We all have some level of lingering awareness that our lives are being dictated to and observed by forces far beyond our control. We all know the powers that be (namely the cops and the government) are horribly corrupt and dictated by corporate interests.

And most Americans have wondered if the government may be watching, ready to take down revolutionary sentiments, filling our feeds with false information, and dividing us at the very moment when we need to come together.

FBI Agent as a Friend, Parent, or Lover in a Lonely World

Despite their negative connotations, FBI agents are often viewed as friends, as gentle parental figures, or even as unwitting outlets for bad efforts at flirting.

Perhaps the reason for this is simple: There’s no secret that loneliness is an epidemic in America. Around 2017 or 2018, when FBI agent memes were first originating, some studies began proposing that “loneliness in America is at an all-time high,” arguing that “long working hours and sad desk lunches may be to blame.” Capitalism is at the root of America’s “loneliness epidemic.”

In 2018, a UCLA survey found that “More than half of survey respondents — 54 percent — said they always or sometimes feel that no one knows them well. Fifty-six percent reported they sometimes or always felt like the people around them ‘are not necessarily with them.’ And 2 in 5 felt like “they lack companionship,” that their “relationships aren’t meaningful” and that they “are isolated from others.”

“Loneliness emanates from the mind’s intrinsic default tendency toward irreparable splitting into twos,” writes Frank J. Ninvaggi for Psychology Today. “Deep-rooted feelings, including envy, greed, and jealousy, may underlie loneliness. The lonely feelings of incompleteness can make one feel consciously inferior.”

Of course, COVID-19 made things worse in its own way, forcing many to confront the state of their own lives and the world.

The Internet has been called a cure and a cause of loneliness many times, and there’s no clear consensus on what spending all day and night online as opposed to with others might do to the psyche.

Enter the FBI agent. In a world where many of us have no long-term relationships, no job security, and no clear-cut community, our assigned FBI agent is always there, watching, providing feedback, and working as a real human vessel that has to stay with us no matter what.

FBI Agent as God in a Godless World

Another explanation for the FBI agent meme could be the fact that Americans, especially the youth among us, are now largely godless. Disillusionment with mainstream religion has pervaded America, and whether we are really at the “end of religion” or just seeing a low period before a new version of extremism overtakes us, certainly many of us don’t have a clear-cut image of God to pray to even if we’d like to.

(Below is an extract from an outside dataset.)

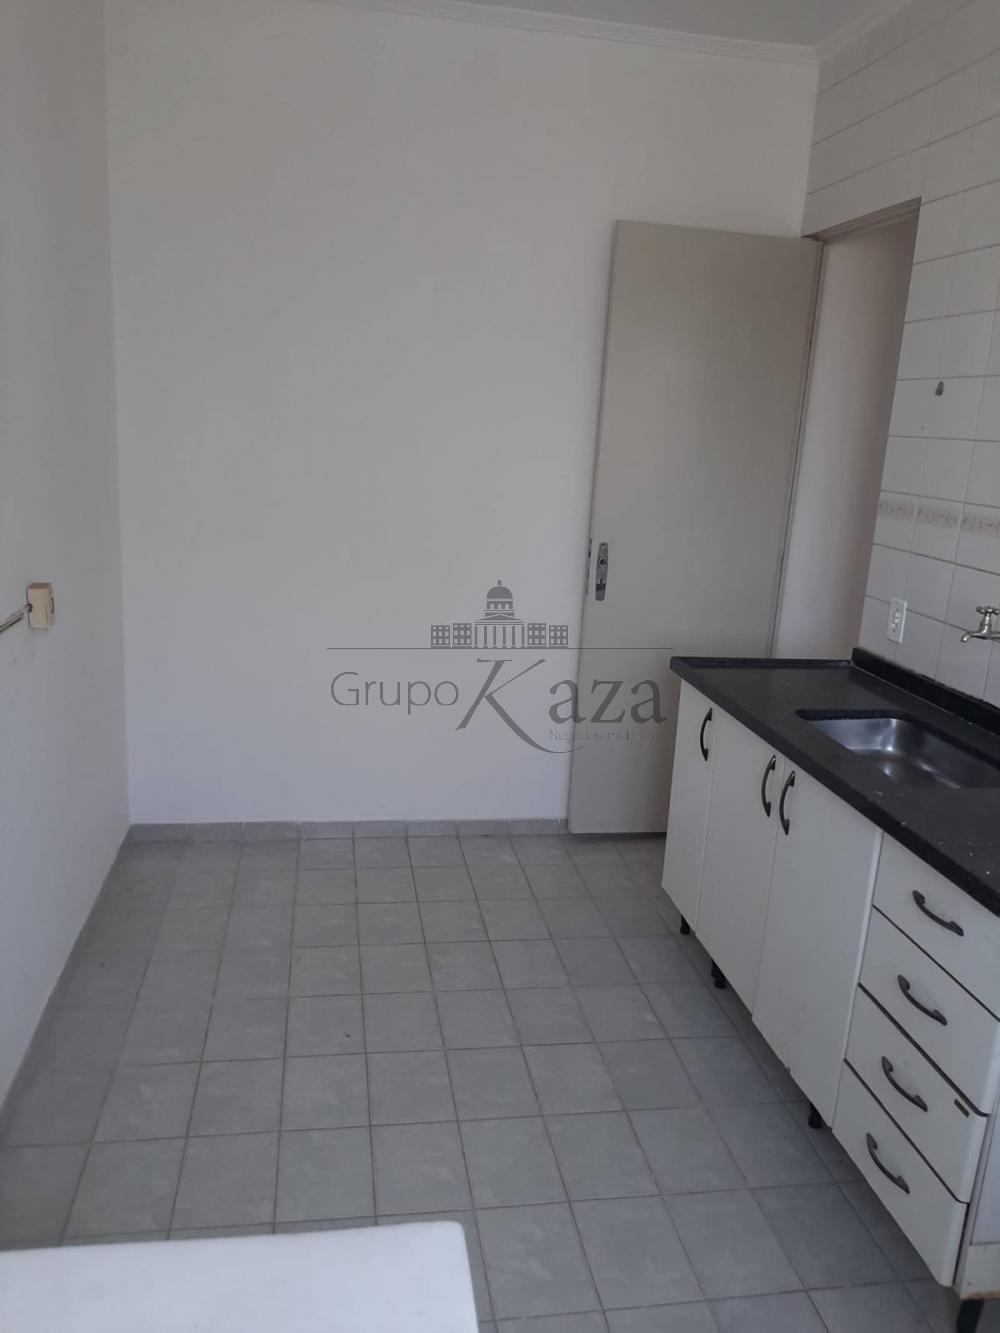 alt='Comprar Apartamento / Padrão em Jacareí R$ 180.000,00 - Foto 4' title='Comprar Apartamento / Padrão em Jacareí R$ 180.000,00 - Foto 4'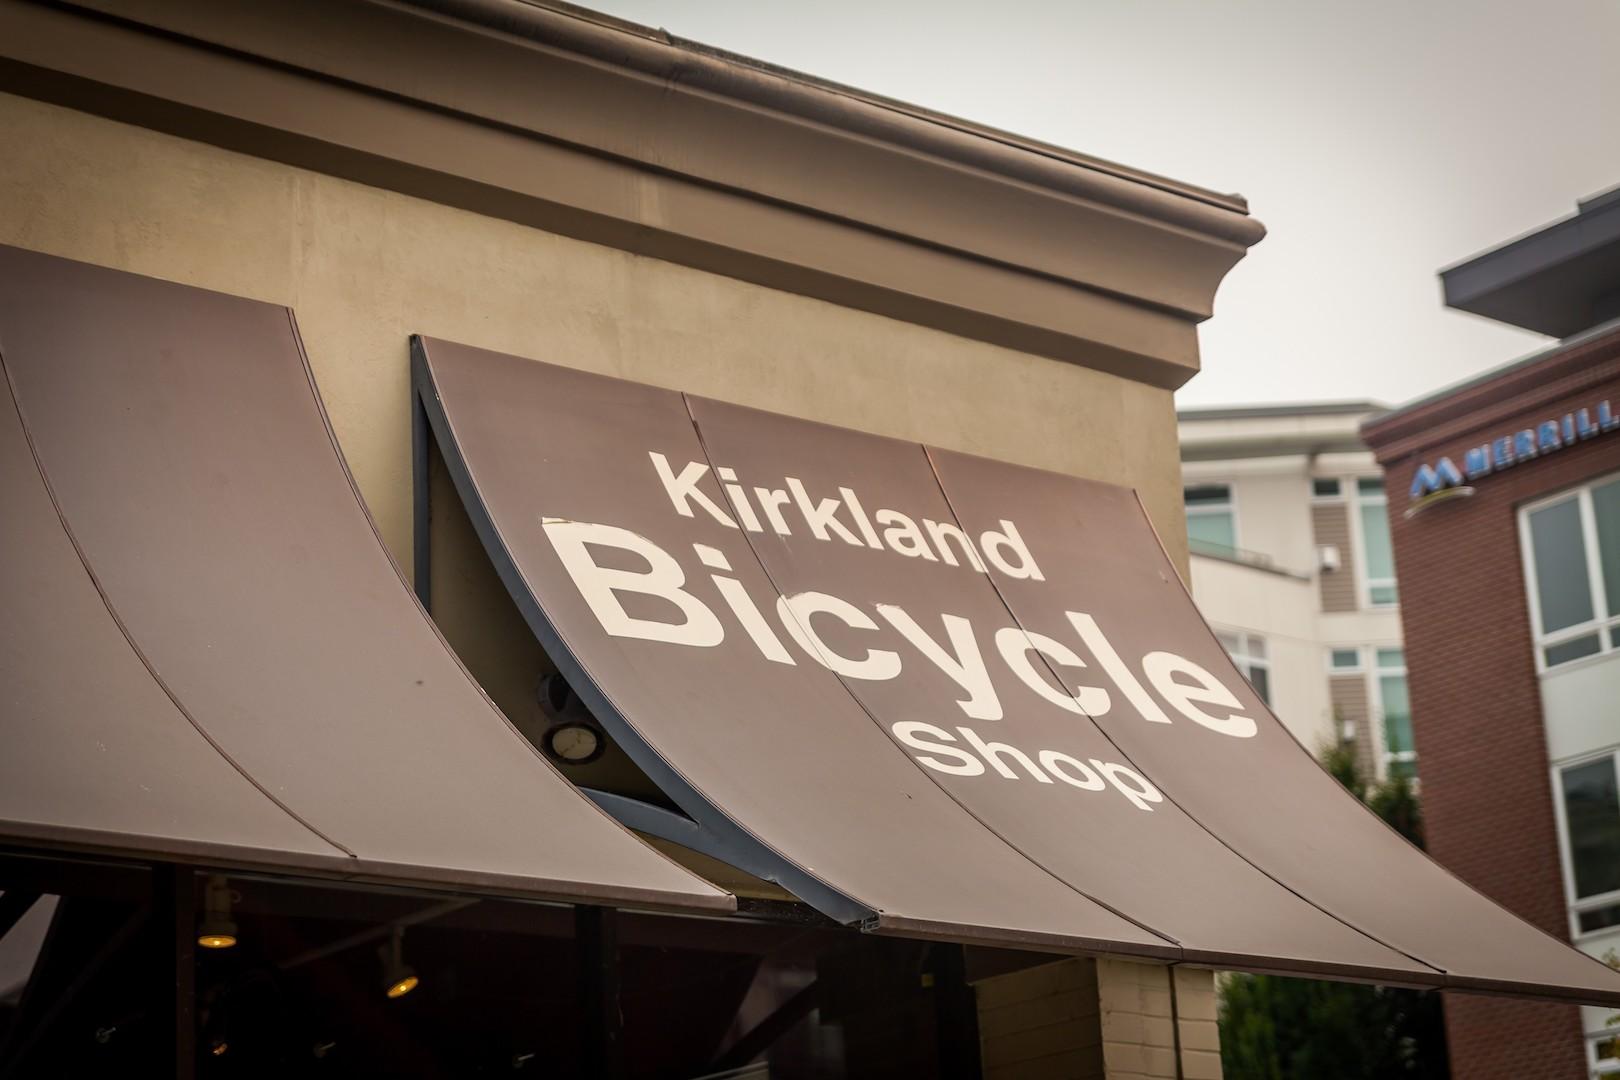 KIRKLAND BICYCLE SHOP

Without gods or places of worship, many of us are turning to social media for our sermons, attending to our favorite websites and podcasts the way our forebears attended church. Perhaps the FBI agent is our new god, filling the spiritual void that we’re all vaguely aware of.

It’s easy to view the parallels between the traditional monotheistic God and an FBI agent like Hotch from Criminal Minds, after all. Stern, paternal, all-knowing, and prepared to combat forces of evil, prone to fits of measured rage, and dedicated to a set of somewhat arbitrary morals and codes, our God/FBI agent is watching over us and judging us whether we like it or not.

He knows everything we do, this God/FBI agent—where and when we sleep, what websites we visit, what bizarre search queries we enter, who we truly are.

Maybe we all know there’s really something else out there, or maybe we just love projecting human faces onto infinite endlessness, but if there is any form of consciousness on the other side of the Internet, our FBI agent—omnipotent, disconcerting cop-adjacent, full of wrath and judgment and forced to listen to us—might just be the closest thing any of us children of the digital age will find to God. (Perhaps that’s a blessing in itself; God, the government, and the police have been used to maintain oppressive structures for far too long, and it’s about time we break free).

And for any God or government-employed surveillance agent that’s been forced to watch us dancing along during Zoom workouts this quarantine: Forgive us, FBI agent, for we have truly, truly sinned.